START SUPPLIED MATERIAL

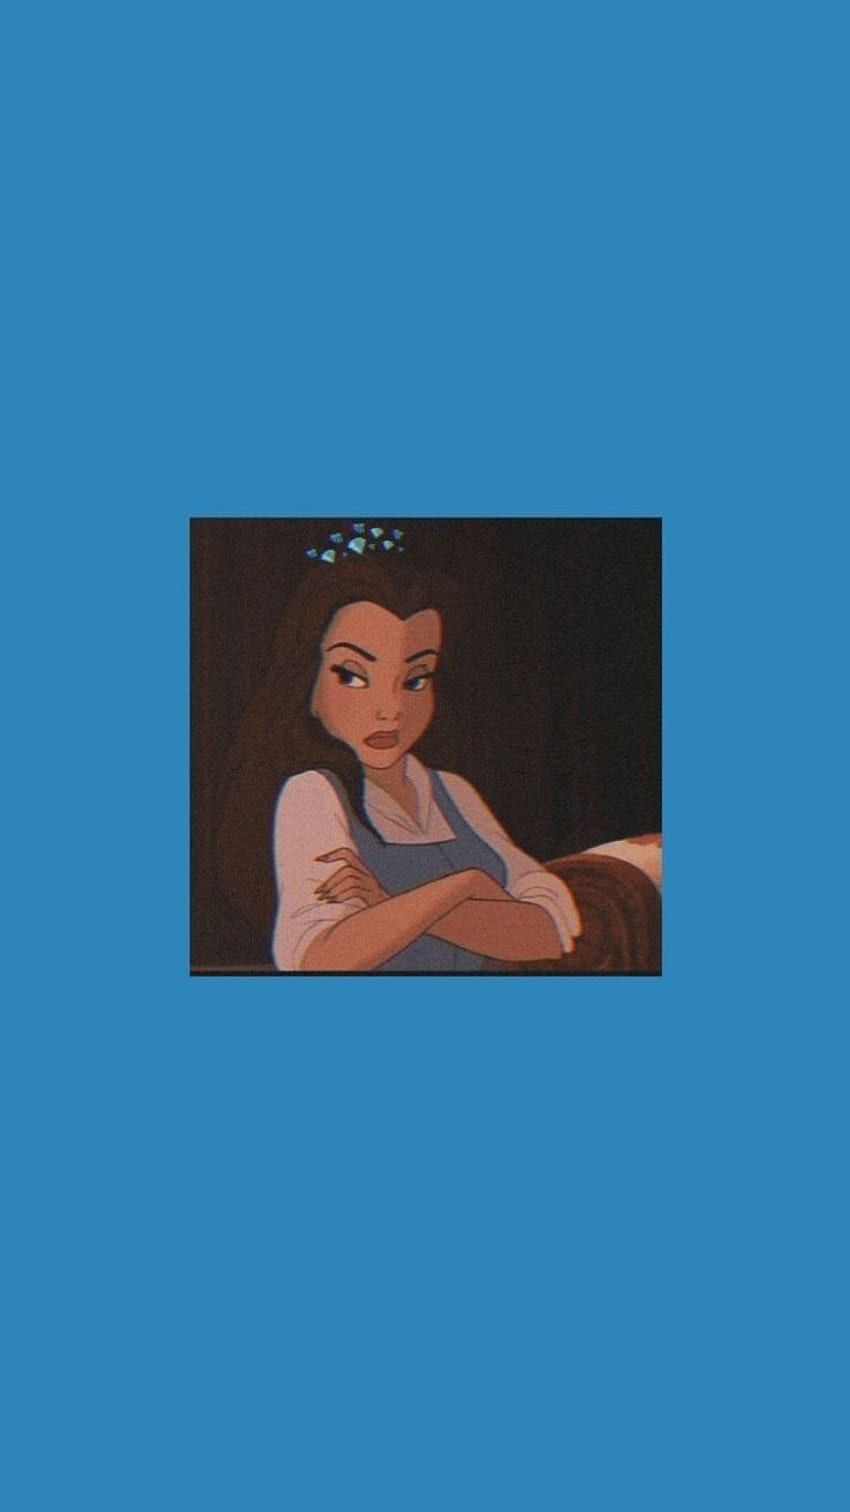 A cartoon character with long hair is sitting on the couch - Belle
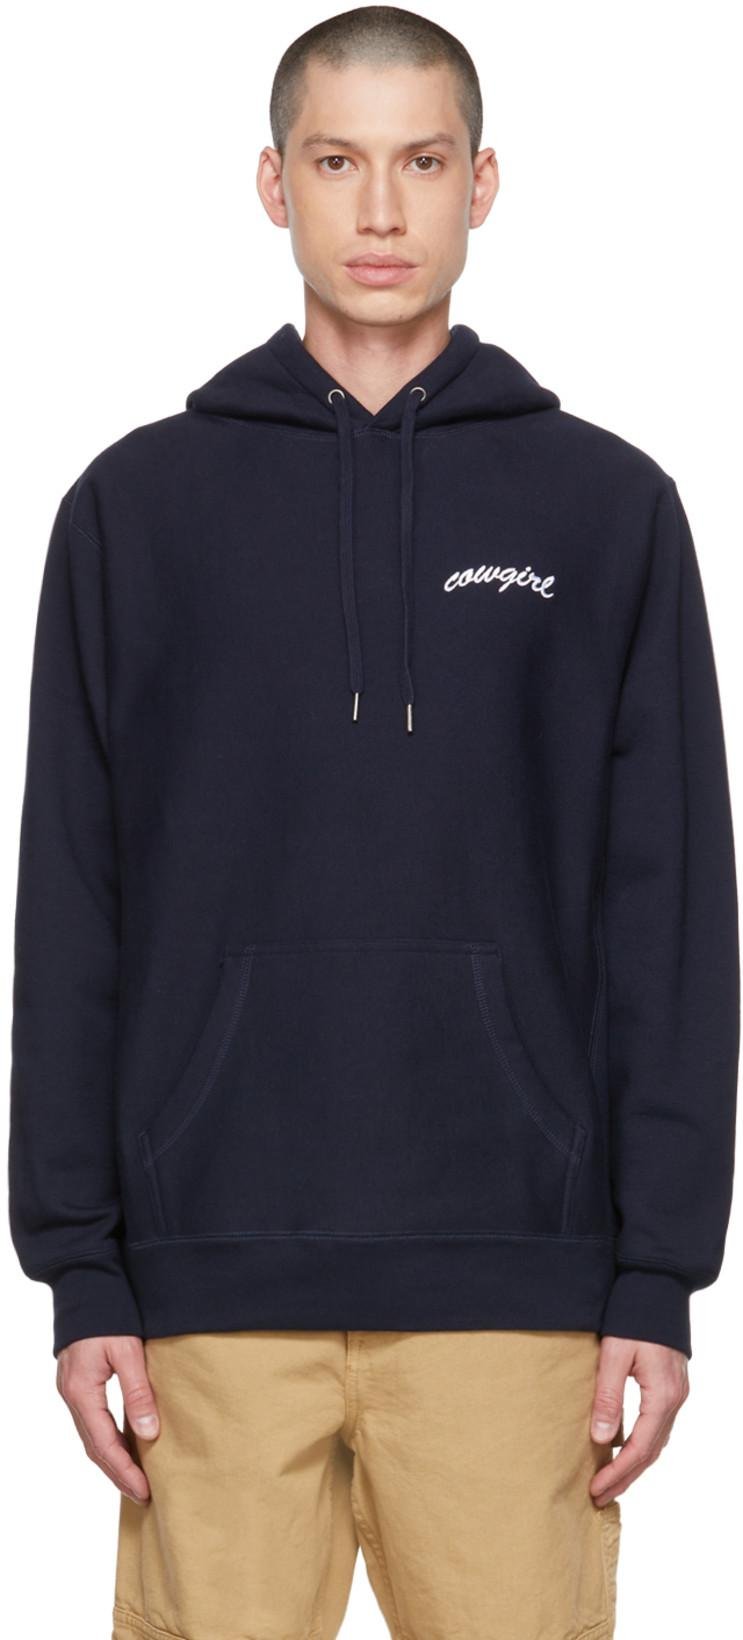 Navy Script Hoodie by COWGIRL BLUE CO
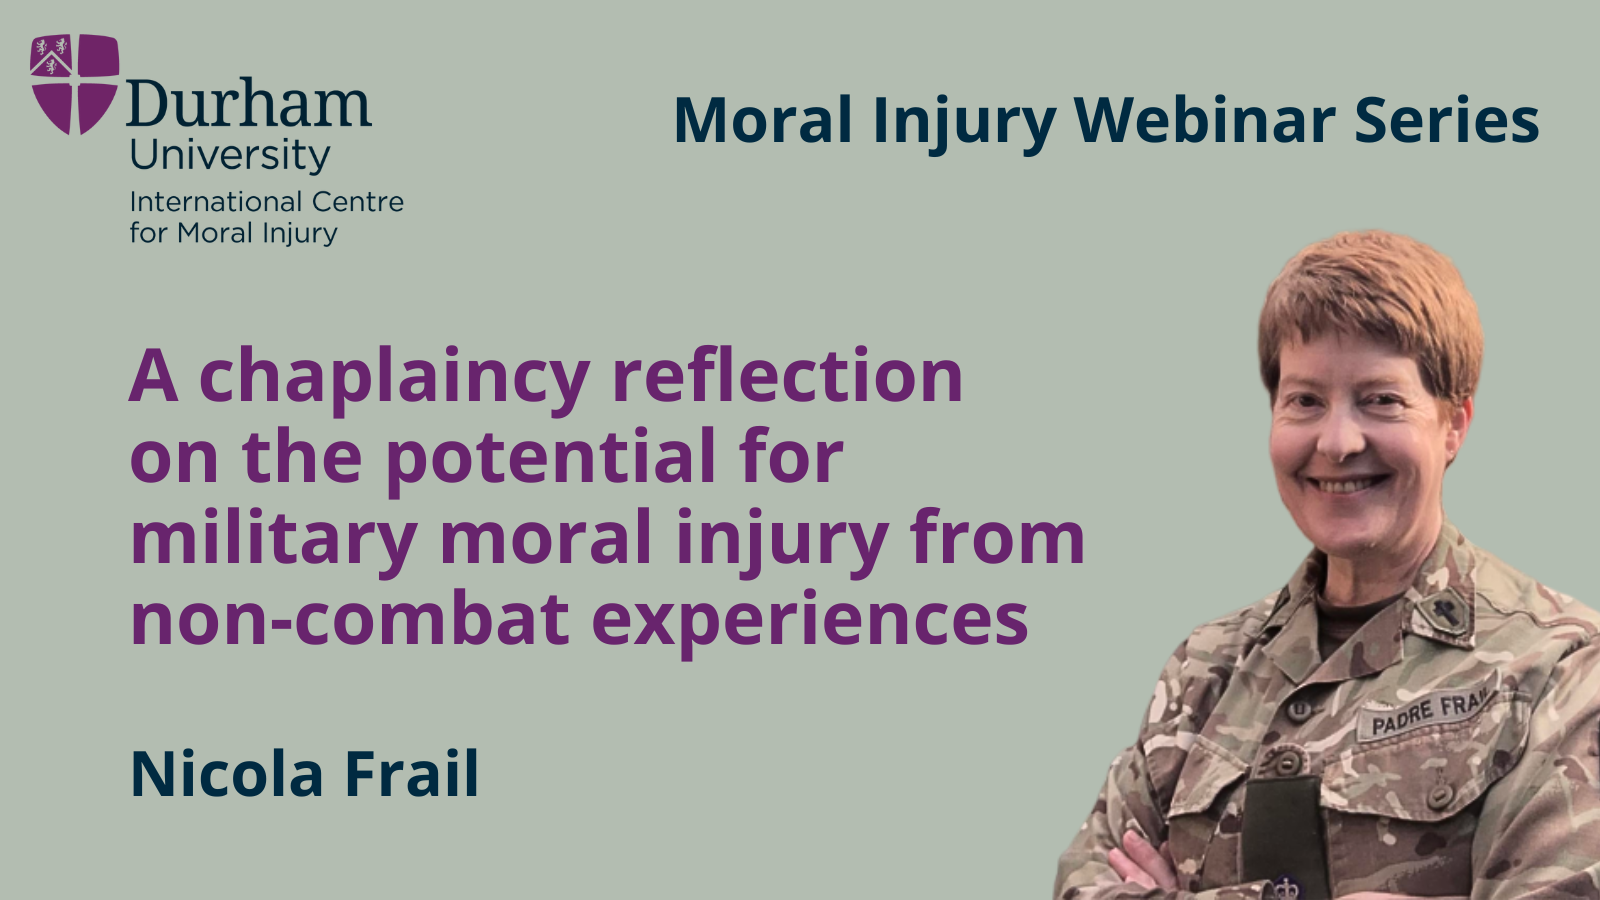 Nicola Frail: A chaplaincy reflection on the potential for military moral injury from non-combat experiences

END SUPPLIED MATERIAL

AIM OF THE TASK ▸
The reply must hold every line above exactly as written and none of the pictures.

OUTPUT OF THE EXERCISE ▸
 A cartoon character with long hair is sitting on the couch - Belle
 Navy Script Hoodie by COWGIRL BLUE CO
 Nicola Frail: A chaplaincy reflection on the potential for military moral injury from non-combat experiences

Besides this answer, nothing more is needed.